Прошёл месяц или полтора, прежде чем я решил заново спросить у Давида по поводу его дома. Он рассказал, что незадолго до начала гражданской войны, он с семьёй бежали из Баку в Ставрополь, 35 лет назад, в 1989-м году (им повезло — они успели на чуть ли не последний самолёт из дома) и с тех пор, по понятным причинам, ни разу не был в родном городе. Они оставались в городе до последнего, до последнего надеясь, что всё образумится. Они не могли даже представить себе, что после стольких лет дружбы, всё может рухнуть. Но в какой-то момент поняли, что пусть у них лично во дворе всё хорошо, их все знают, их любят их соседи-азербайджанцы (а они — их) — в самом городе им небезопасно. 

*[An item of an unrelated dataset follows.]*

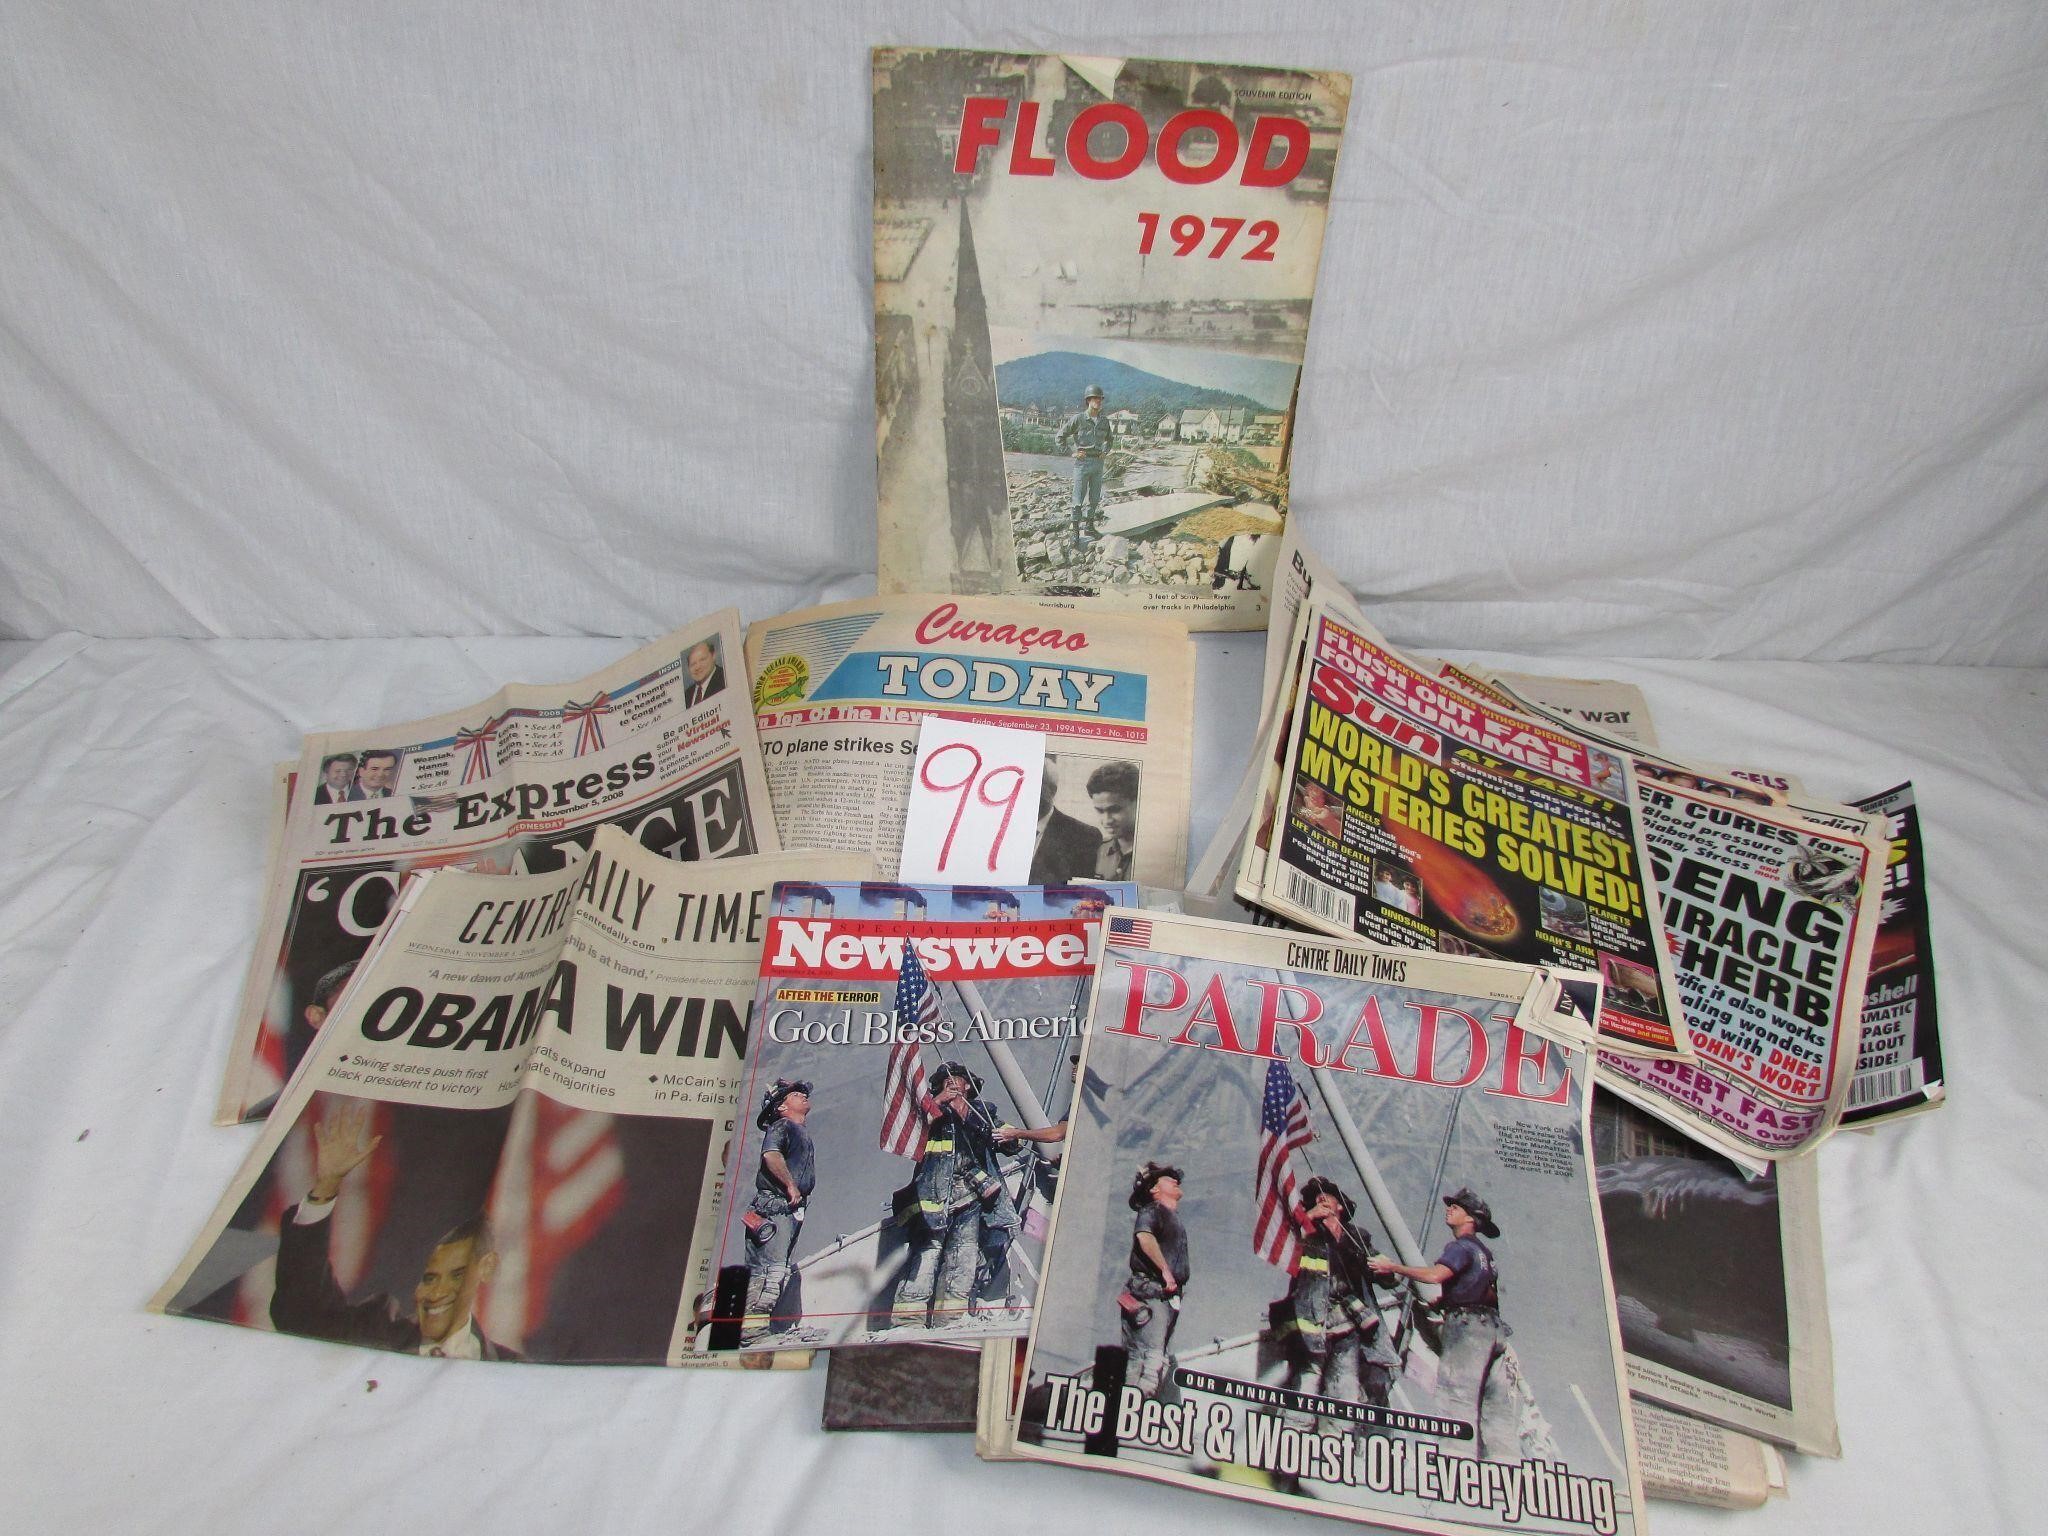 Flood Book 1972 - 9/11 Newspapers - Sun Tabloid

А вообще-то они карабахские. Корнями. В Баку они оказались в 1963-м, потому что дед, истовый коммунист, получил по распределению квартиру в столице Азербайджана. В 1989-м году эту трёхкомнатную хату почти в центре этого каспийского мегаполиса им пришлось продать по цене, равной ⅕ стоимости аналогичной квартиры в центре Еревана. Потому что, цитируя Давида, армянские погромы в Азербайджане повышали цены на множество квартир в Ереване (в т. ч. из-за этого они не осели в Армении). Ещё, говорит, важно: «Азербайджанцы бежали из деревень Армении, а армяне азербайджанские бежали, по большей части, из городов». Думаю, вы должны понять, что бакинцы были городскими, не привыкшими к любым деревням, неважно какой этнос их населяет. Особенно это больно и сложно, когда тебя выгоняют из тобою любимого «кавказского Монте-Карло» (Баку и тогда был городом-шик). Действительно любимого. Ведь следом я спросил, а каким вы запомнили Баку до погромов, на что мне дали ответ: «Добрым и солнечным». Давиду было 19 в тот момент, когда его нога последний раз топтала прикаспийский асфальт — значит, всё буйное отрочество, все подростковые страсти прошли в городе из песни Муслима Магомаева, в городе, что «весь из золота соткан». Давид говорит, что у него было обычное счастливое советское детство, как у многих, многих. Пляжи, кинотеатры, сидели вечерами с пацанами, цирки, турники, шахматы, игры на гитаре, волейбол, парки, девочки, дискотеки. «Все очень, очень, отлично, очень хорошо было», — говорит Давид, и начинает сетовать на современную молодёжь, что ни черта не понимает и сидит постоянно в гаджетах! Как пел Муслим Магомаев:


Волна вдали качает

Стаи кораблей,

Белей нет в мире чаек,

Моря голубей.


На город наглядеться

Вновь я не могу.

И я вхожу, как в детство,

В город мой, Баку!


Ещё через какое-то время до меня дошло — а ведь меня-то ничего, кроме денег и наличие армянского штампа в паспорте, не останавливает от поездки в Баку. Не помню, как я до этого додумался — оно случилось само собой, — но я говорю моему брату-горцу: «Давид-парон, а может быть я как-нибудь окажусь в Баку и пофотографирую ваш дом, вашу улицу? Я там не был ни разу, но вот — будет повод съездить! Я просто понимаю вашу боль, и, может, я как-то смогу вам помочь?». Помню, меня отвлёк кто-то из знакомых на разговор, и вернувшись 3 минуты спустя к КПП, я вижу его выпученные глаза. Давид тогда сказал мне: «Ты серьёзно, Рамиль? Рамиль, ты серьёзно? Рамиль, даже если ты не сможешь это сделать, то, что ты подумал об этом и предложил мне такое, то это же пи***ц, это же е**ть, что ты для меня сделаешь. Как ты до такого додумался вообще?». Это было где-то полтора года назад, где-то весной 2023-го года. 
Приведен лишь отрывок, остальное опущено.